=== Available data ===
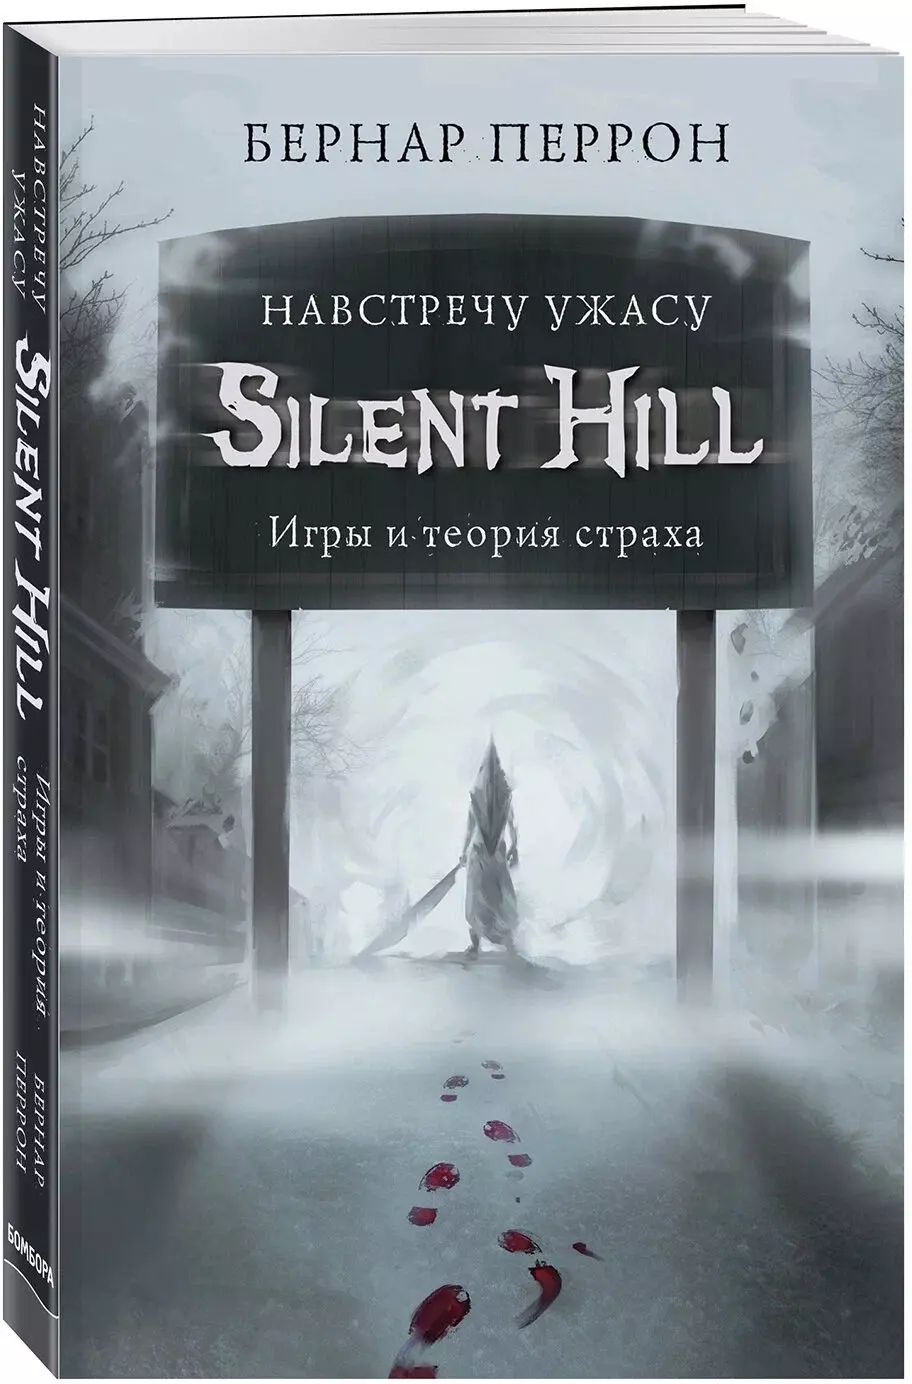 Бернар Перрон «Silent Hill: Навстречу ужасу — игры и теория страха»
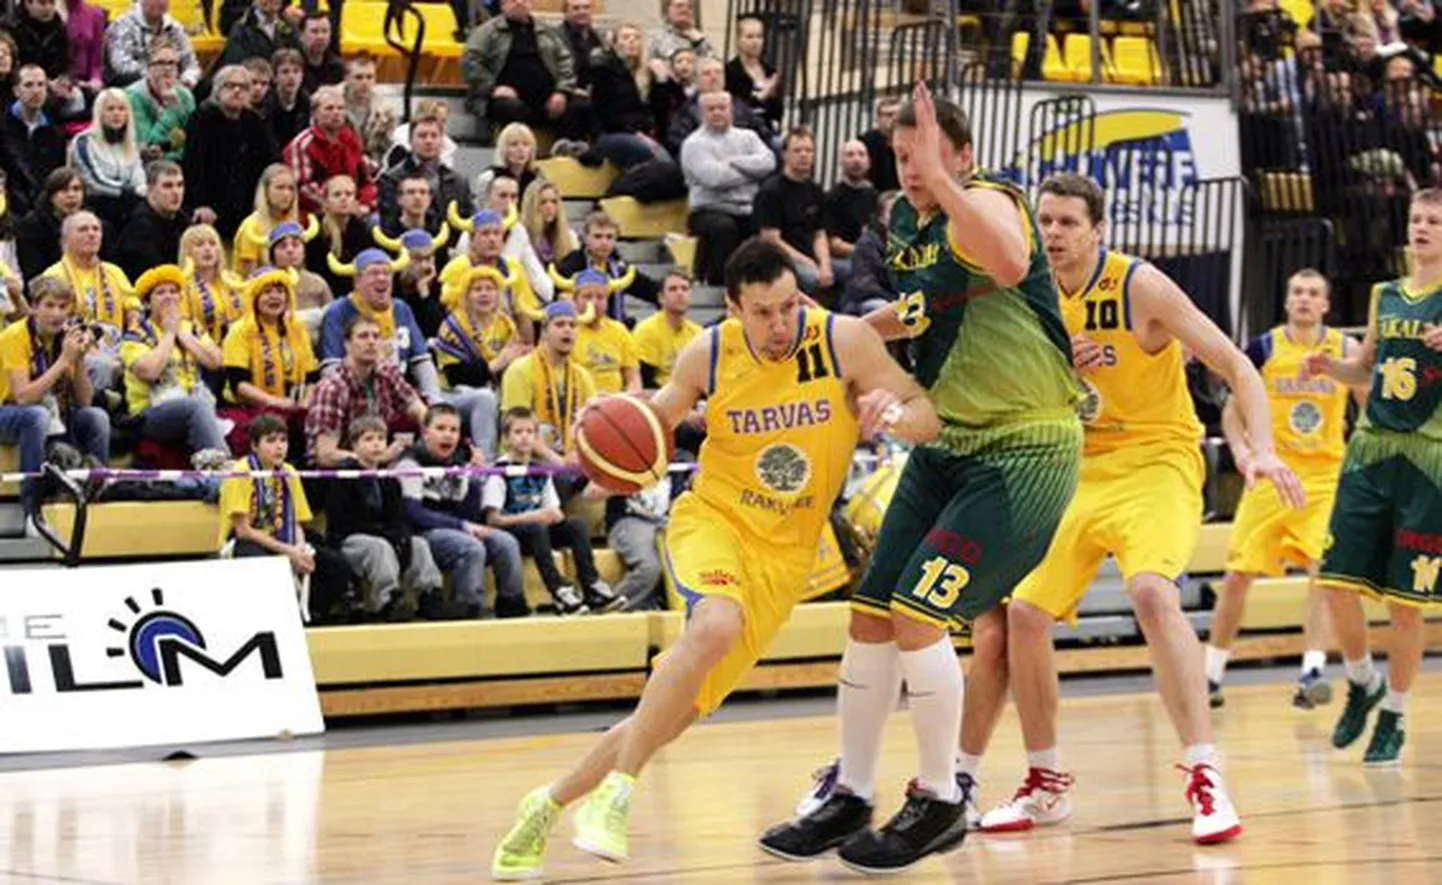 Juris Umbraško (palliga) oli reedel kodupubliku toetusel Vilniuse Saka­lai vastu mängides 33 punktiga Tarva säravaim mängumees.
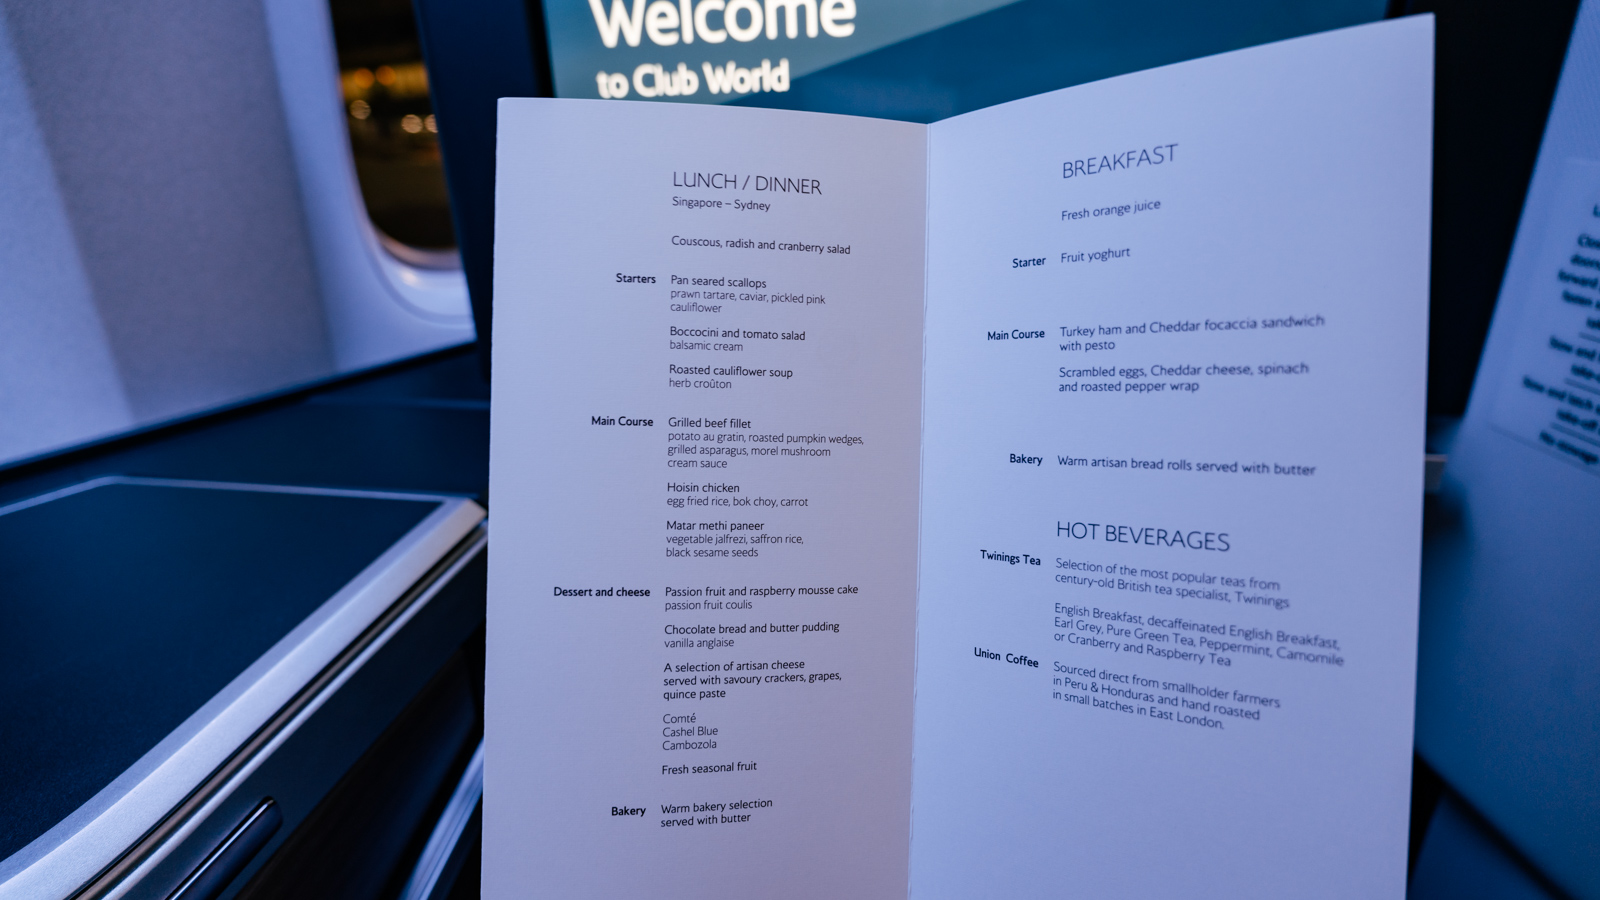 British Airways Club Suites food menu.
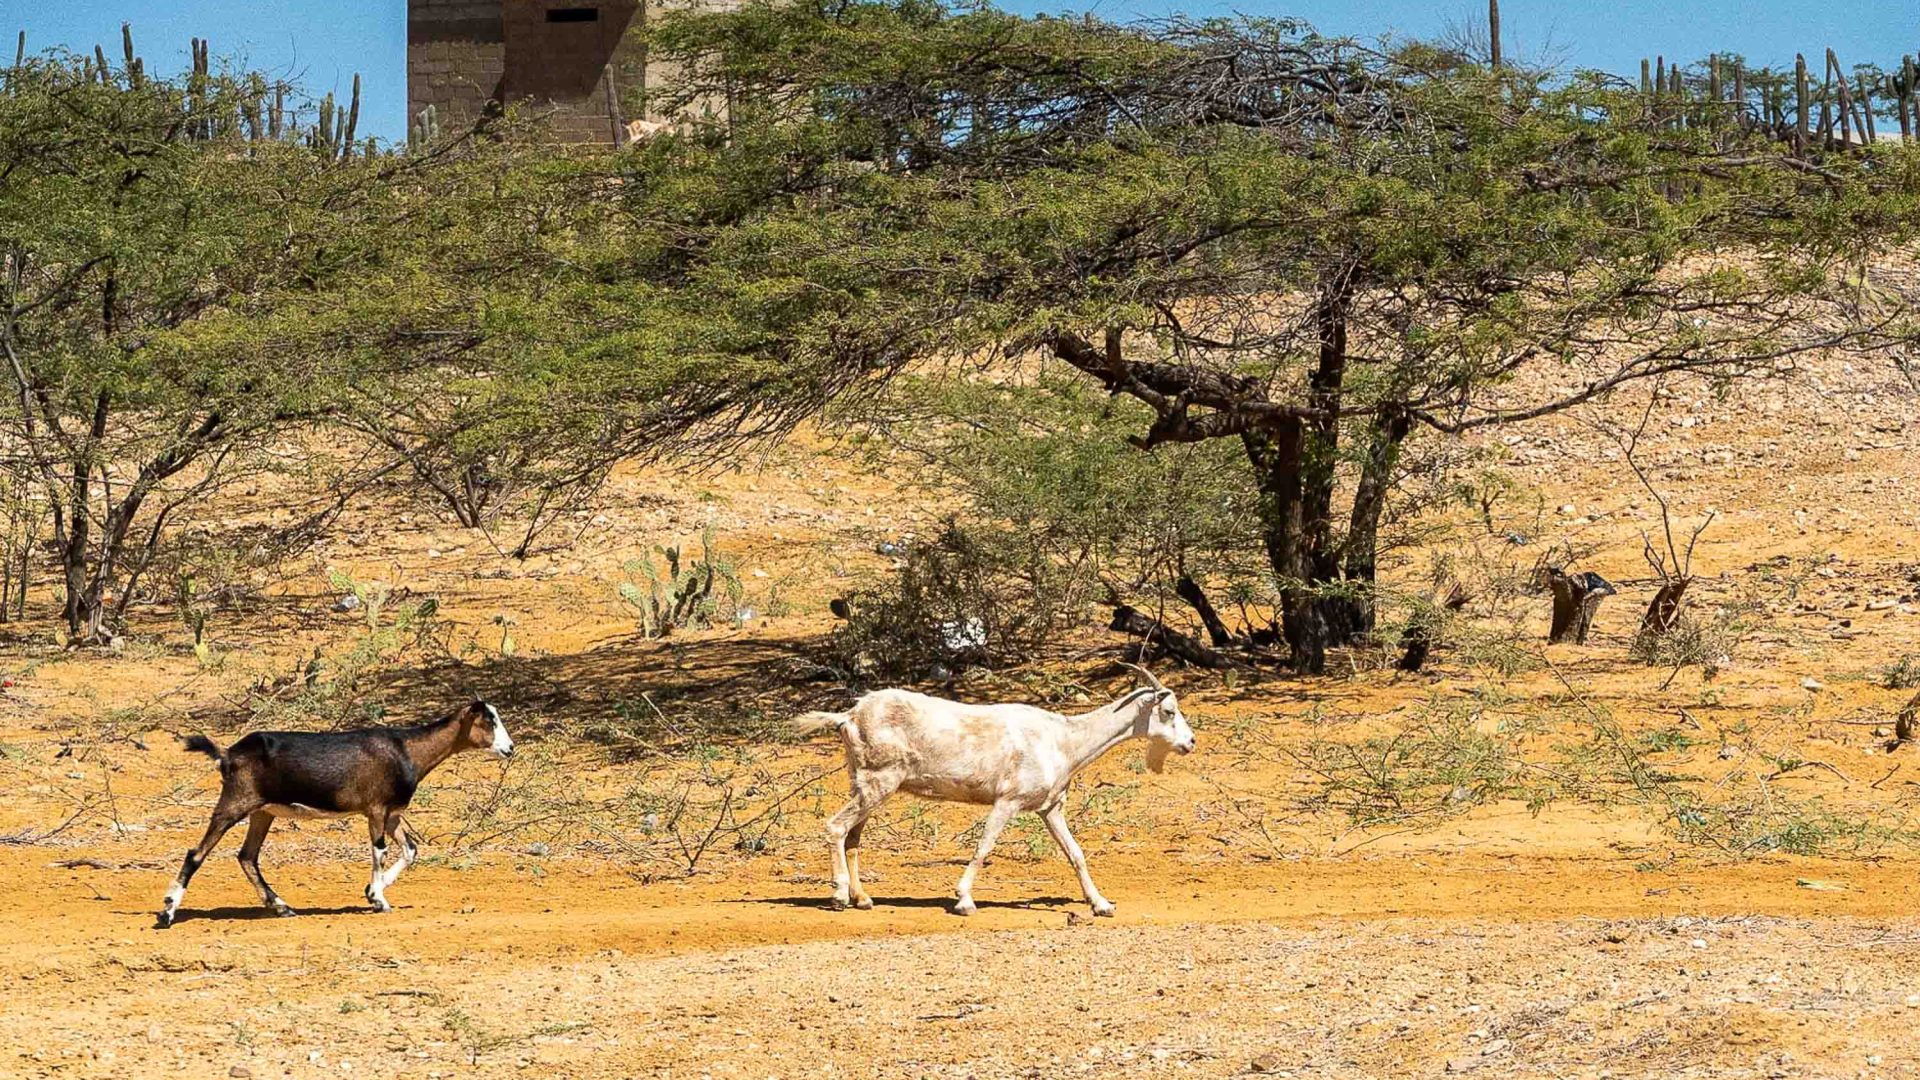 A white and a brown goat walk through arid land.

=== Required action ===
Where the line with "British Airways Club Suites food menu." appears, begin there and transcribe exactly through the last line of the data, leaving all pictures aside.

=== Output of the task ===
 British Airways Club Suites food menu.
 A white and a brown goat walk through arid land.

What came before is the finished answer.